== Exercise aim ==
Could you restate word for word every line from the one containing "凱蒂貓 KITTY鑰匙圈-衝浪 震撼日式精品百貨" to the end of the data below, pictures excluded?

[[ Data open ]]

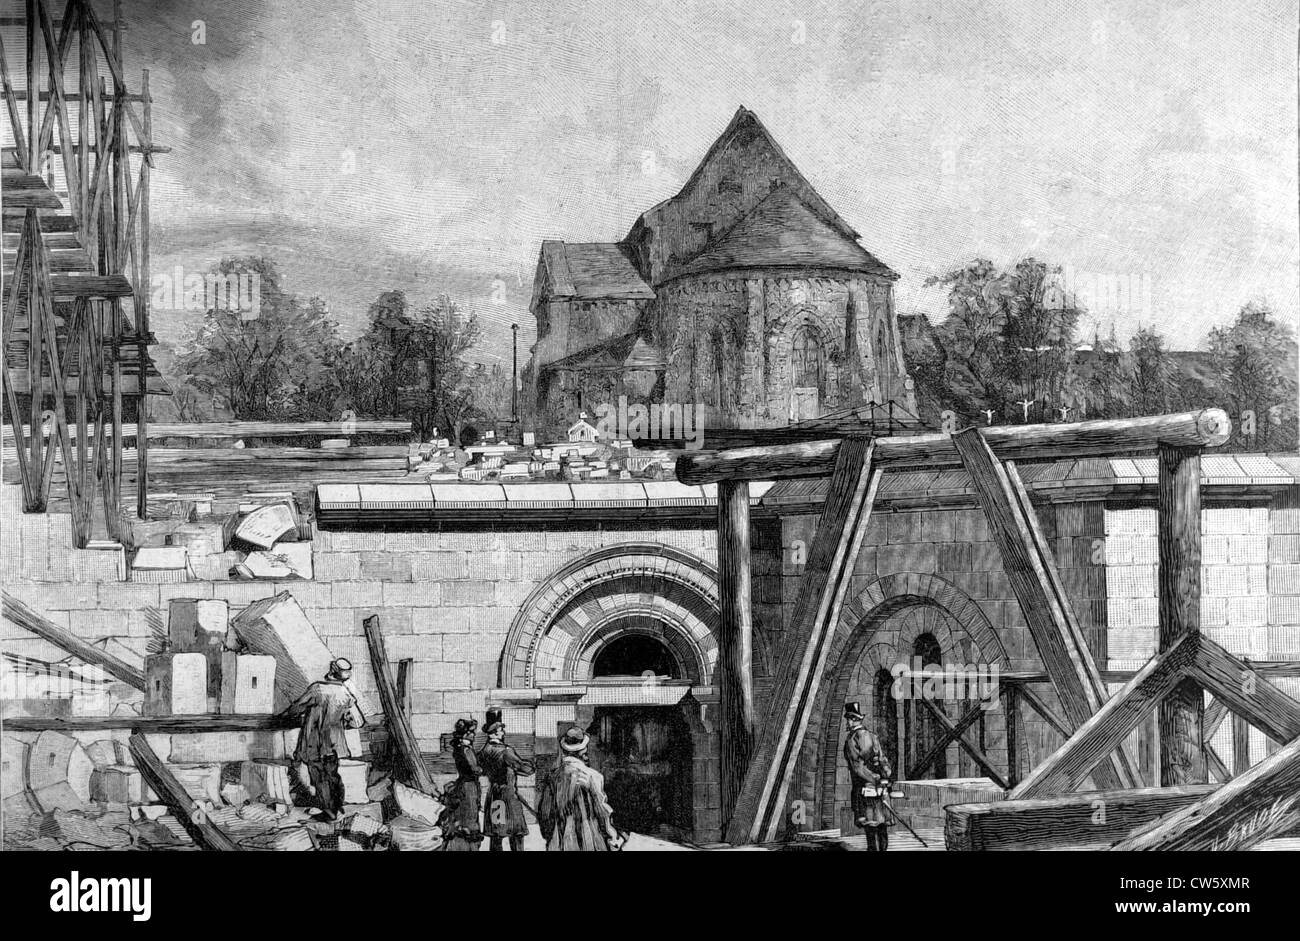 Les grands projets de construction de Paris. La construction souterraine de l'église du Sacré-Coeur, à Montmartre Banque D'Images
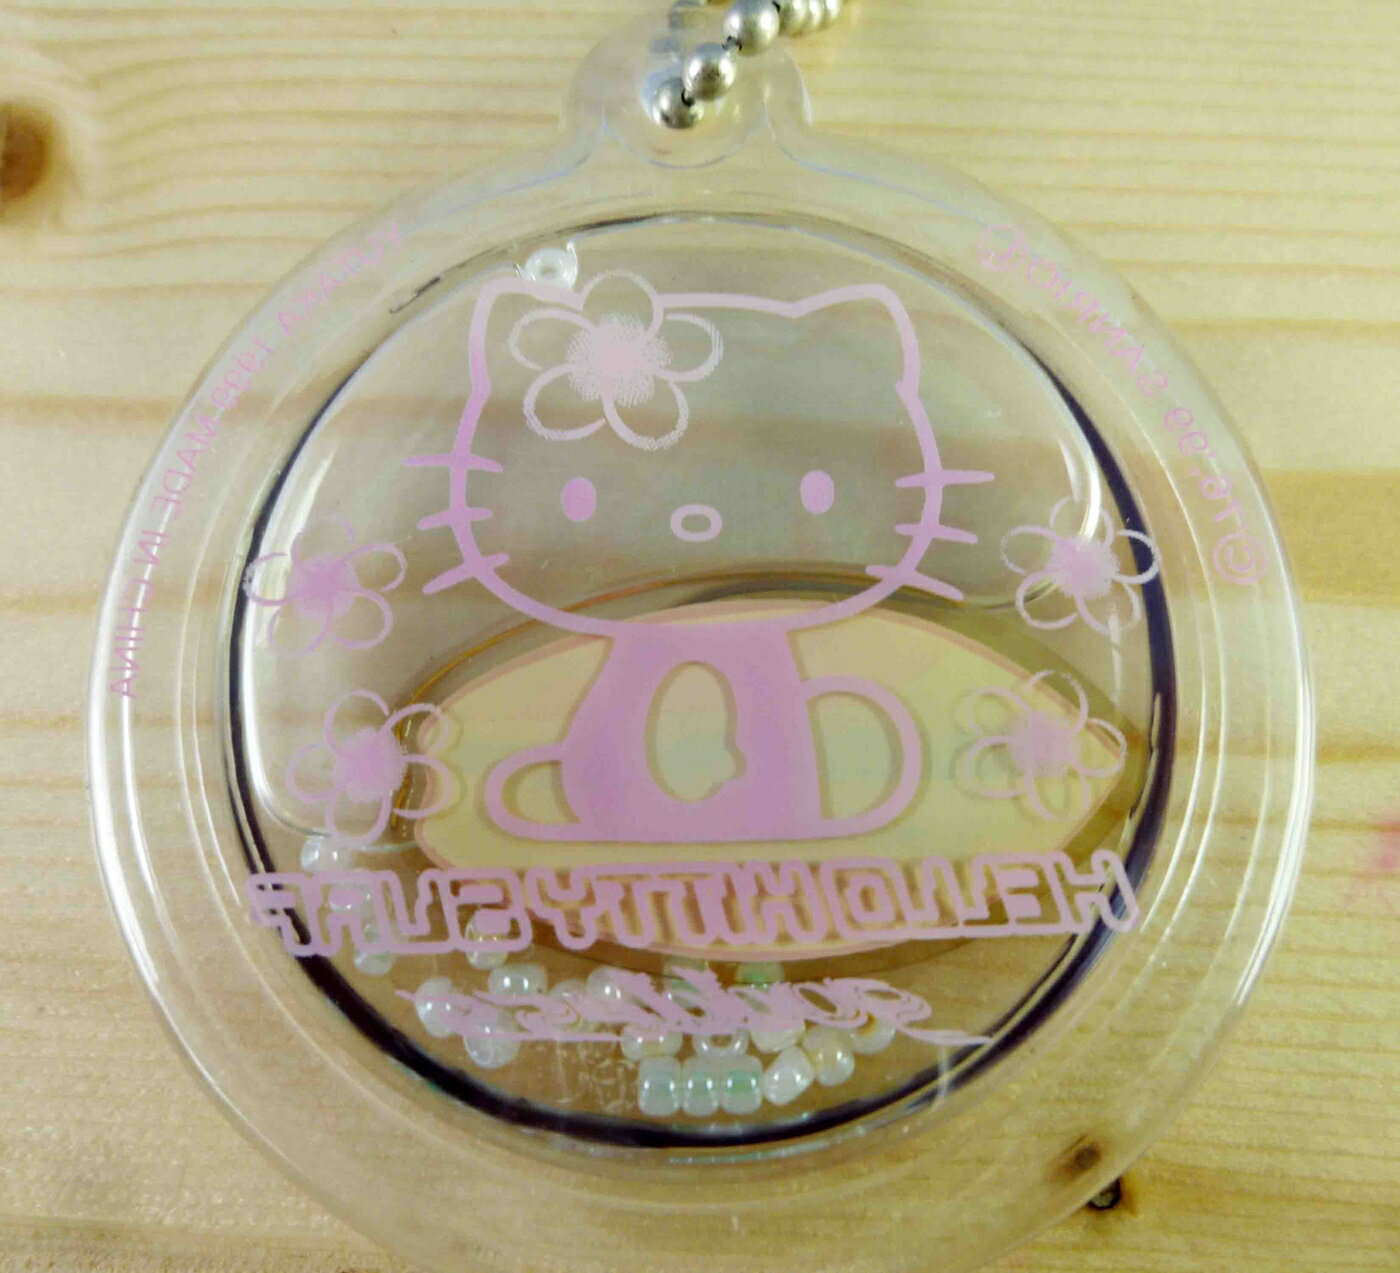 【震撼精品百貨】Hello Kitty 凱蒂貓 KITTY鑰匙圈-衝浪 震撼日式精品百貨
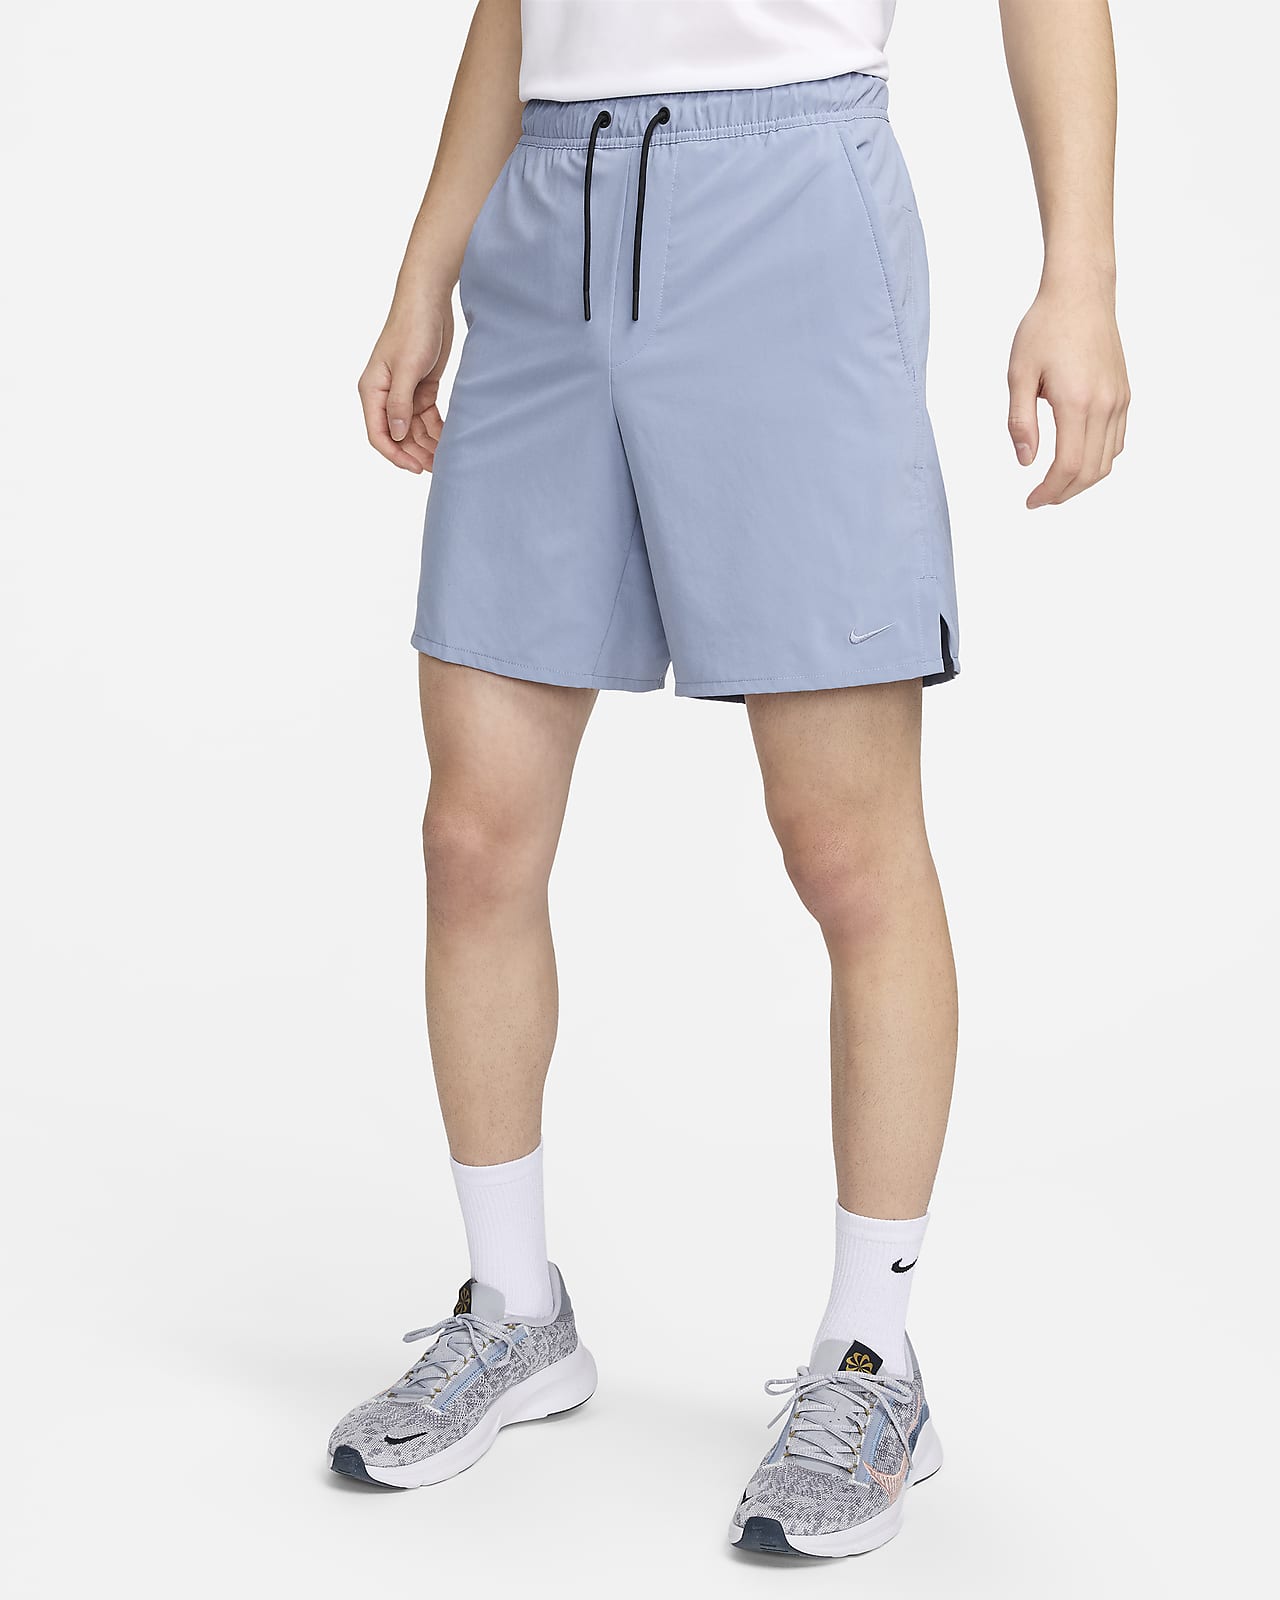 Nike Dri-FIT Unlimited Men's 7" Unlined Versatile Shorts
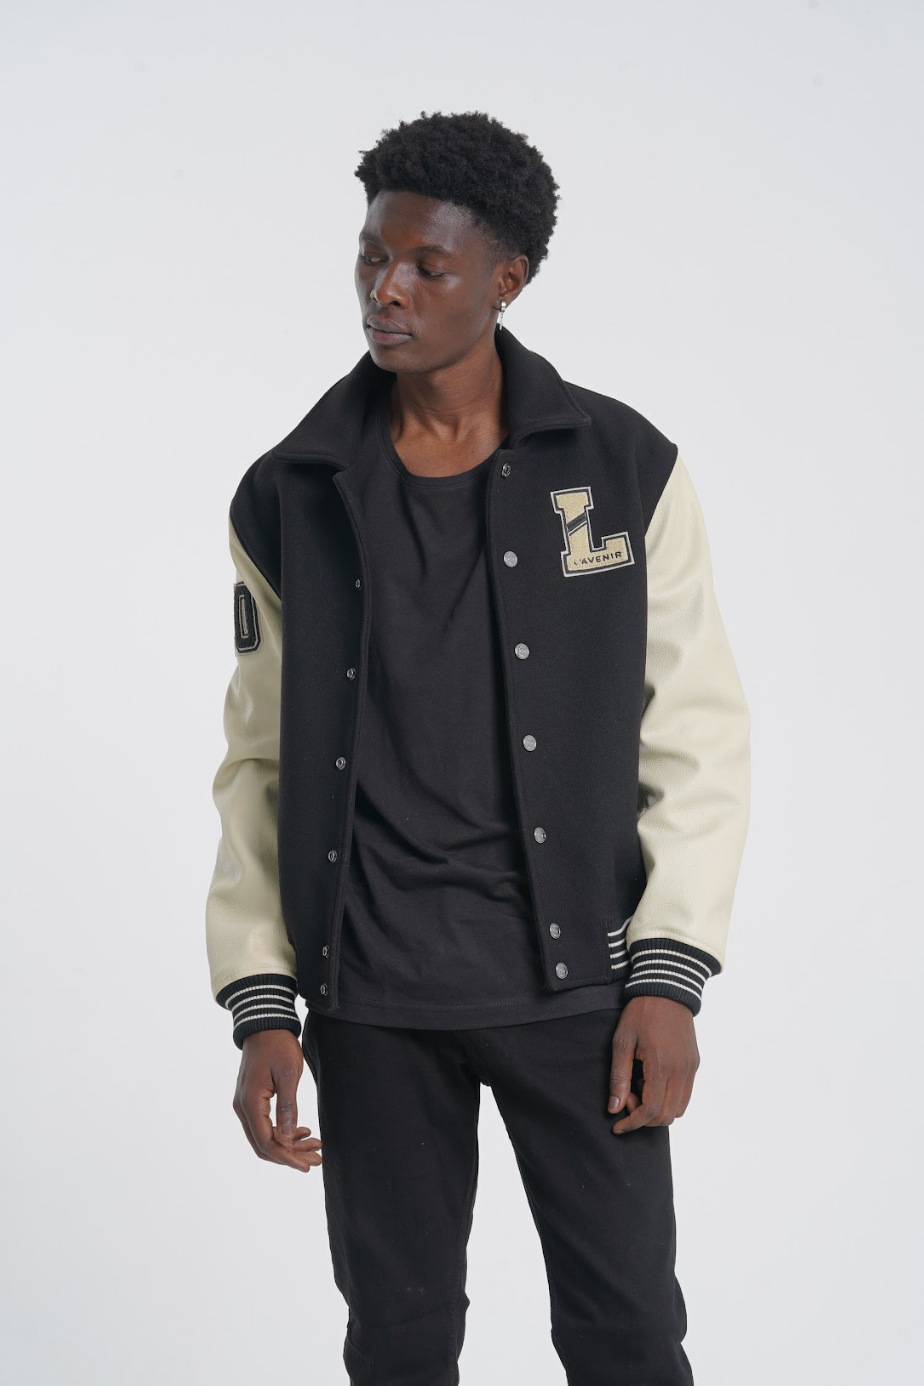 Off-White Leather Varsity Jacket
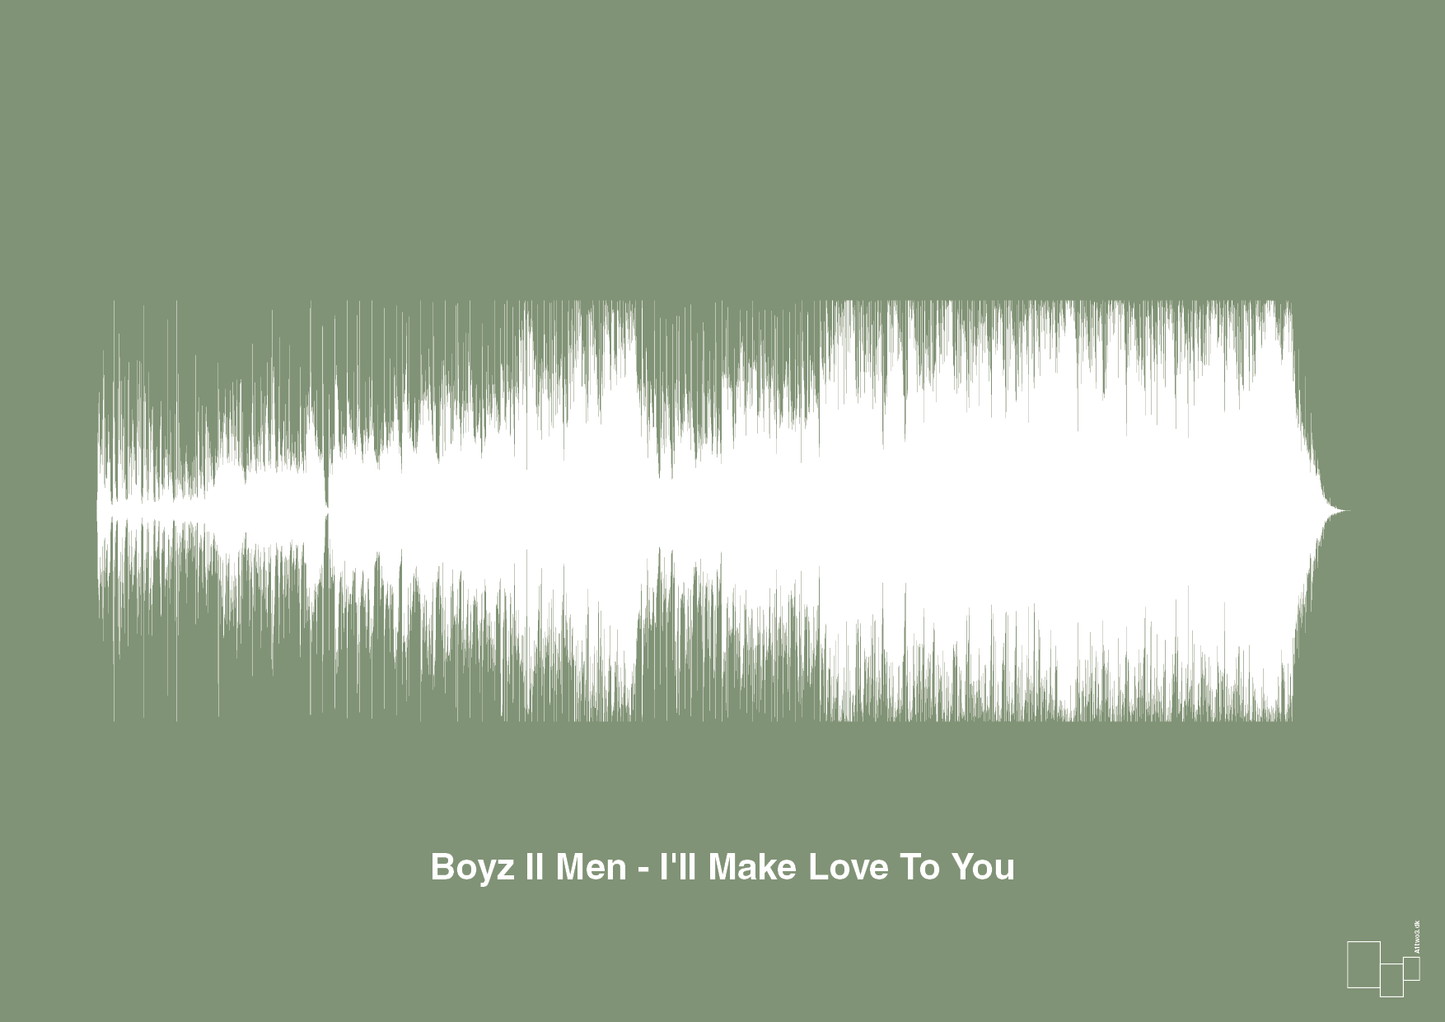 boyz II men - i'll make love to you - Plakat med Musik i Jade

[[ Data closed ]]

== Written answer ==
 【震撼精品百貨】Hello Kitty 凱蒂貓 KITTY鑰匙圈-衝浪 震撼日式精品百貨
 Nike Dri-FIT Unlimited Men's 7" Unlined Versatile Shorts
 Off-White Leather Varsity Jacket
 boyz II men - i'll make love to you - Plakat med Musik i Jade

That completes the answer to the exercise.